Le calendrier table sur un dossier PMA (Pre‑Market Approval) auprès de la FDA fin 2028, suivi d’une demande d’IDE/Breakthrough Device pour accélérer l’accès au marché américain.

Entré en application en 2021, le MDR renforce la surveillance post‑marché et impose un « évaluateur indépendant » (l’organisme notifié) pour chaque classe III. Les entreprises doivent prouver la sécurité et la performance clinique via des données robustes, souvent issues d’un essai pivot.

territoire et politique publique : le rôle catalyseur des Hauts‑de‑France

Installée à Villeneuve‑d’Ascq, Hemerion bénéficie d’un environnement régional volontariste : campus hospitalo‑universitaire de Lille, incubateurs Eurasanté et plug‑ins FEDER pour l’innovation. Les 2,5 M€ de subventions mobilisées illustrent l’articulation « Région – Bpifrance – Europe » qui vise à consolider une filière medtech exportatrice.

Bon à savoir : FEDER

Le Fonds européen de développement régional finance des projets renforçant la compétitivité territoriale. Sur la période 2021‑2027, les Hauts‑de‑France disposent d’un budget de 1,45 milliard € dont près de 120 M€ fléchés vers la santé.

modèle économique et stratégie de création de valeur

Hemerion mise sur un triptyque : vente de la lumière (dispositif), vente du consommable (générateur à usage unique) et marge sur la spécialité médicamenteuse. Les projections internes prévoient une marge brute de 65 % et un retour sur investissement pour les fonds d’ici 8 ans, sous réserve d’une adoption hospitalière de 10 % en Europe.

Trois relais de croissance se dessinent :

  1. Extension à d’autres indications (métastases cérébrales, carcinome tête‑cou).
  2. Licences territoriales hors UE/USA, avec redevances de 8‑12 %.
  3. Co‑développements avec fabricants de robots chirurgicaux pour intégrer Heliance® au flux opératoire.

capitaux‑risque et santé : pourquoi le crowdfunding séduit‑il ?

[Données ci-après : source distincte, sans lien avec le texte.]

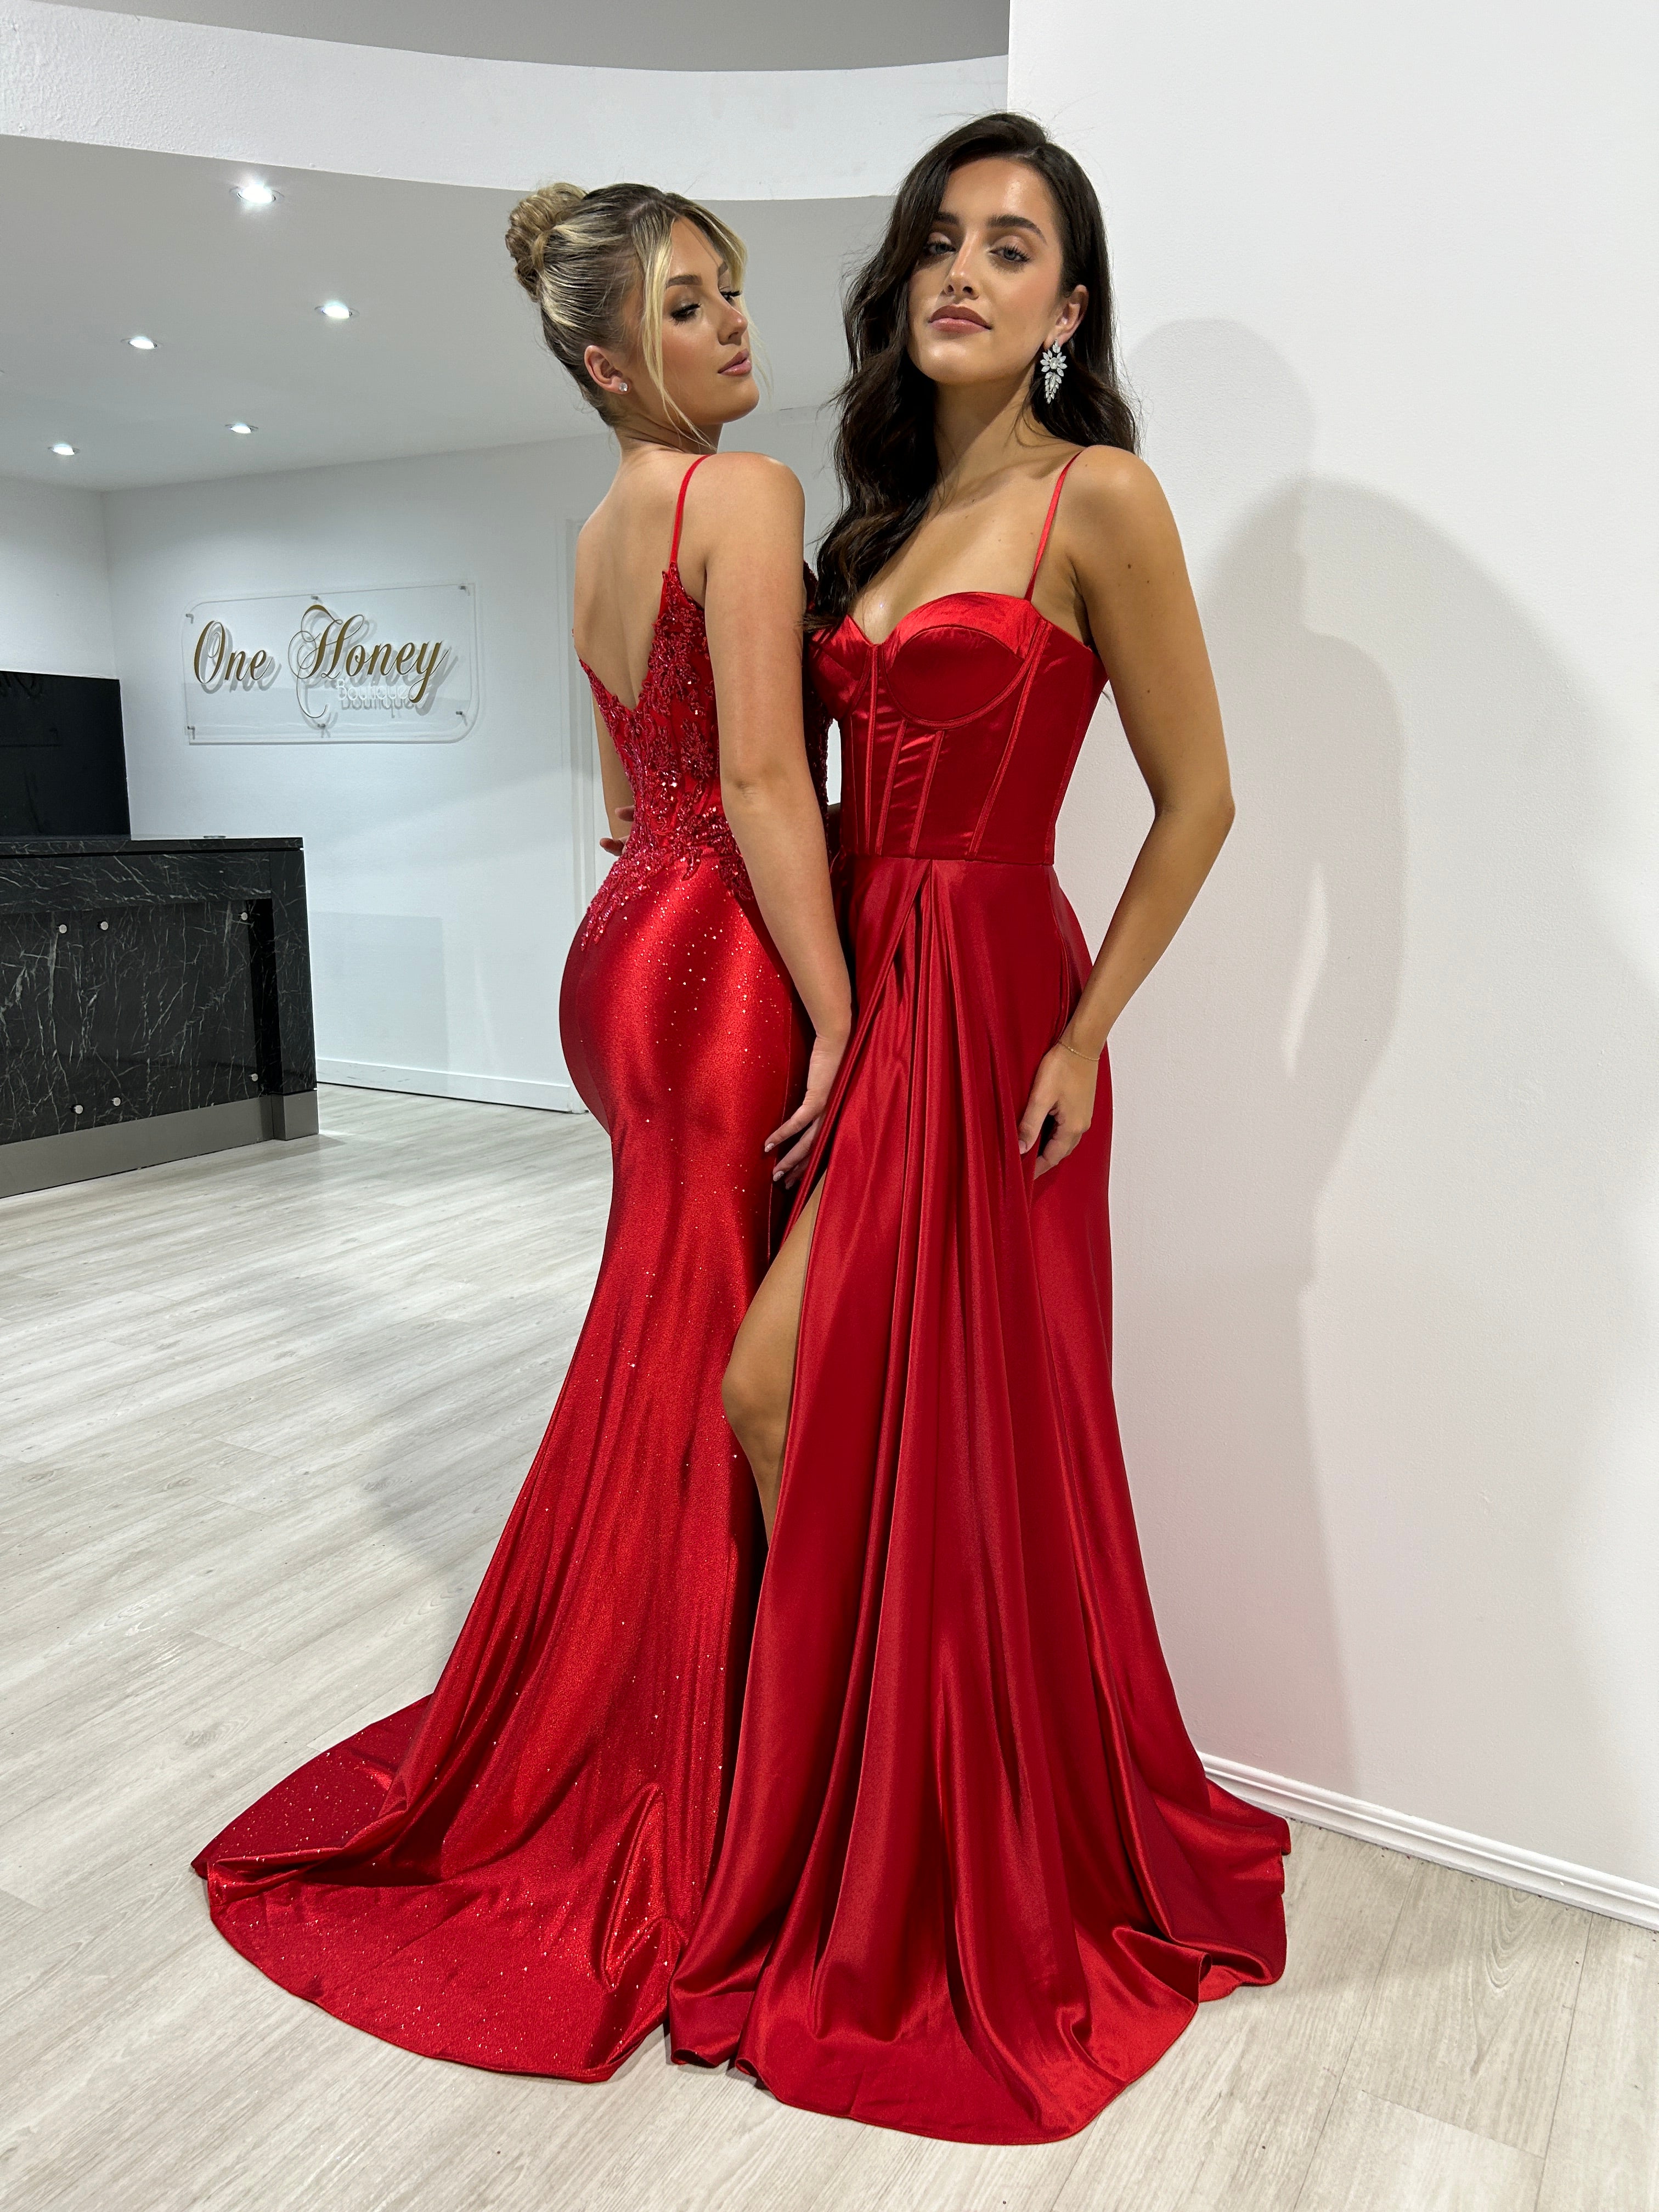 Honey Couture OLYMIA Red Embellished Stretch Glitter Satin Mermaid Formal Dress

La campagne Capital Cell reflète une mutation du financement early‑stage : dilution moindre, effet marketing et preuve sociale. 265 investisseurs particuliers complètent le capital, réduisant le risque pour les VC en phase ultérieure. Pour l’épargnant français, le statut fiscal IR‑PME (loi Madelin) permet une réduction d’impôt de 18 %, voire 25 % si prorogé, sous réserve de conserver ses titres cinq ans.

Le dispositif Madelin‑IR accorde une réduction d’impôt sur le revenu aux souscripteurs de parts de PME non cotées. Plafond : 50 000 € d’investissement pour un célibataire, 100 000 € pour un couple.

perspectives : cap sur une levée de 35 M€ d’ici 2026

L’entreprise prévoit un tour B de 35 M€ pour financer la fabrication GMP, l’étude pivot multicentrique (200 patients, France‑Allemagne‑USA) et les démarches FDA.

En filigrane, un scénario d’exit par rachat stratégique se profile : grands groupes (Medtronic, Johnson & Johnson) scrutent les technologies différenciantes à fort ticket d’entrée. Les observateurs évaluent la valorisation post‑money d’Hemerion à 45‑50 M€ après le tour A. En cas de réussite clinique, un multiple 6‑8× pourrait être appliqué, portant la valorisation à 300‑400 M€.

ouvrir la réflexion : la French Health‑Tech peut‑elle changer d’échelle ?

Si le parcours d’Hemerion illustre la dynamique des jeunes pousses régionales, il met aussi en lumière un défi récurrent : l’accélération du passage du laboratoire au bloc opératoire. L’enjeu n’est plus seulement de financer l’innovation mais de structurer une chaîne industrielle souveraine, de la synthèse pharmaceutique à la fabrication d’optique médicale.

Hemerion démontre qu’un écosystème local, soutenu par des financements hybrides et un cadre réglementaire exigeant, peut hisser une avancée thérapeutique jusque sur la scène internationale, rappelant que l’innovation de rupture se construit à la croisée de la science, de l’investissement et de la stratégie territoriale.